Was bombing the untracked pow along the edge of the Upper Tattletale trail at Bolton Valley yesterday, had been ducking branches when BANG I took one to the face, split my lip,split the gum for my left canine , scratched my face up pretty well.
Ended up spitting out blood and blotting it off my face until the bleeding stopped.
Went back to the lodge and cleaned myself up , did another 8 or nine runs after that .
There had to be a foot and a half of powder, or more depending on where I went.
I look like hell today , and had some explaining to do at work due to the abrasions, scabs and bruising .
I told then it was worth it and that I didn't feel any pain.
Be careful out there !
It could have been worse, as my helmet and goggles have a few more marks on them now.


----------



## Donutz (May 12, 2010)

Hmmmm, motocross helmet for tree-riding?


----------



## Milo303 (Apr 6, 2009)

I've def spit some blood from branches before

High end goggle lenses are a must


----------



## Tarzanman (Dec 20, 2008)

Get an axe, then go back out there and show that tree who is boss!
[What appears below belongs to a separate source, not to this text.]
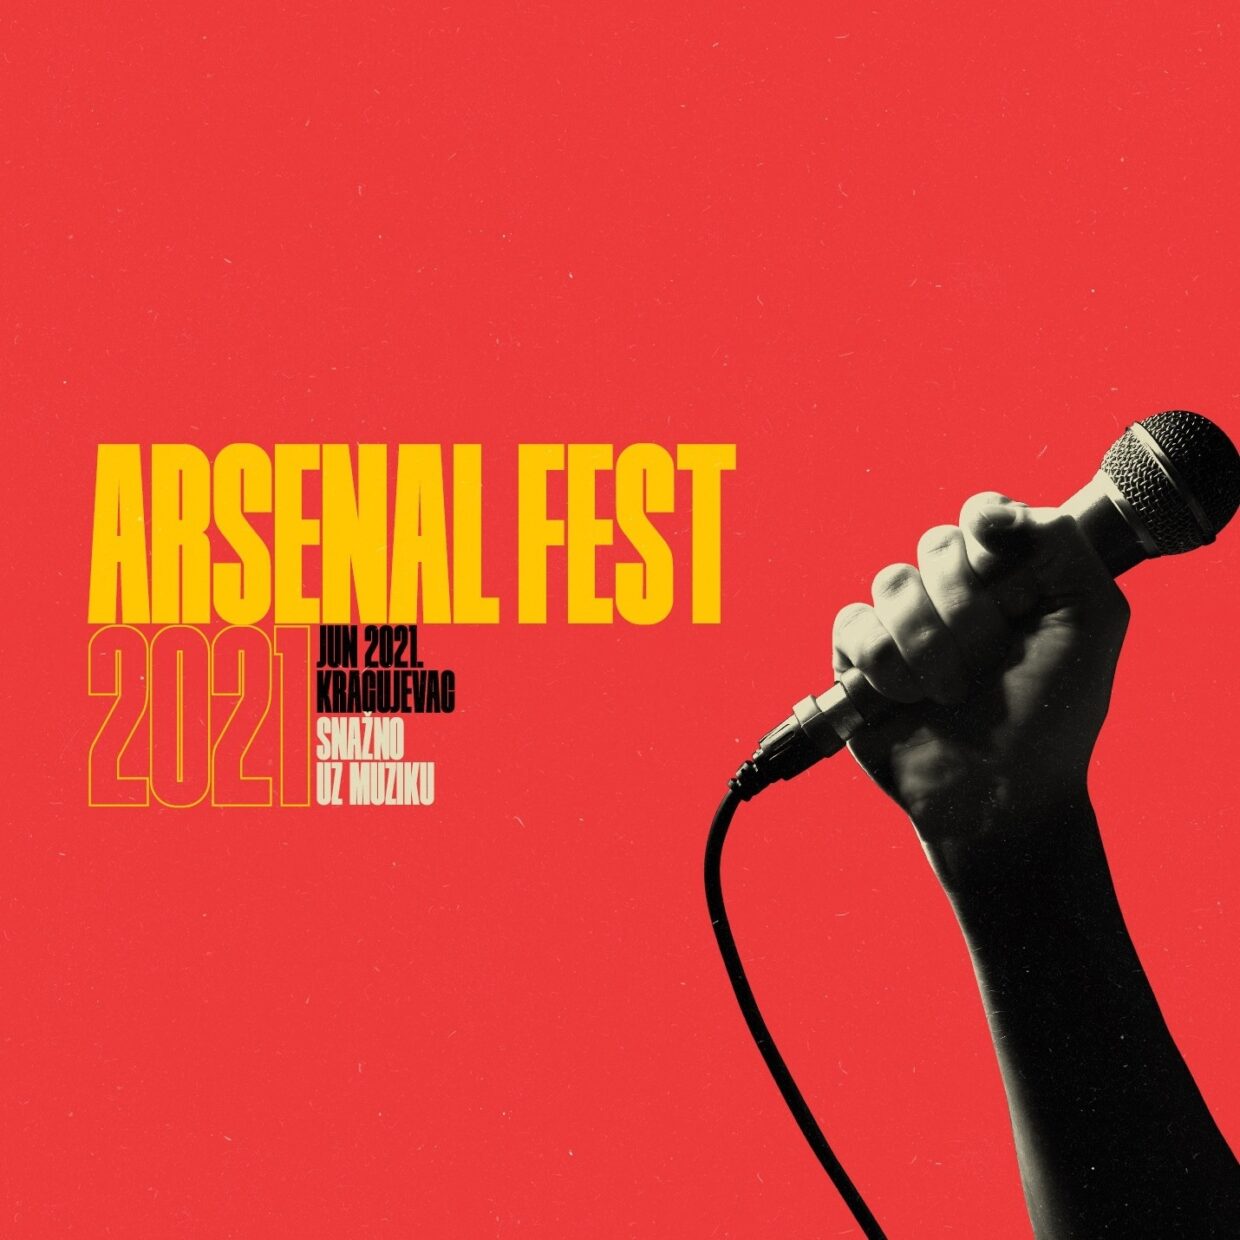 Arsenal Fest

No tree makes me bleed my own blood!


----------



## HoboMaster (May 16, 2010)

This is a common occurrence for me, though I've only been gummed once, and it wasn't anywhere near the damage that you experienced.


----------



## Mysticfalcon (Nov 27, 2007)

Been there done that got the t-shirt. I have just gotten better and better and ducking my head so that the top of my helmet looks like it got in a fight with wolverine.


----------



## HoboMaster (May 16, 2010)

Mysticfalcon said:


> Been there done that got the t-shirt. I have just gotten better and better and ducking my head so that the top of my helmet looks like it got in a fight with wolverine.


Totally what the top of my helmet looks like too :thumbsup:


----------



## Sendmeone (Feb 28, 2011)

Definitely sucks getting swatted in the face. I'm thankful my goggles, helmet and height work in unison to avoid branch whips, especially when the rider ahead is causing the whipping. That's how I learned to duck and dodge really fast.


----------



## gauntlet09 (Feb 15, 2011)

Mysticfalcon said:


> Been there done that got the t-shirt. I have just gotten better and better and ducking my head so that the top of my helmet looks like it got in a fight with wolverine.


Likewise. I also just found a dent on the front part of my helmet that looks like a bullet hit it. :dunno: Not sure what that was from...brain on a stick anyone?


----------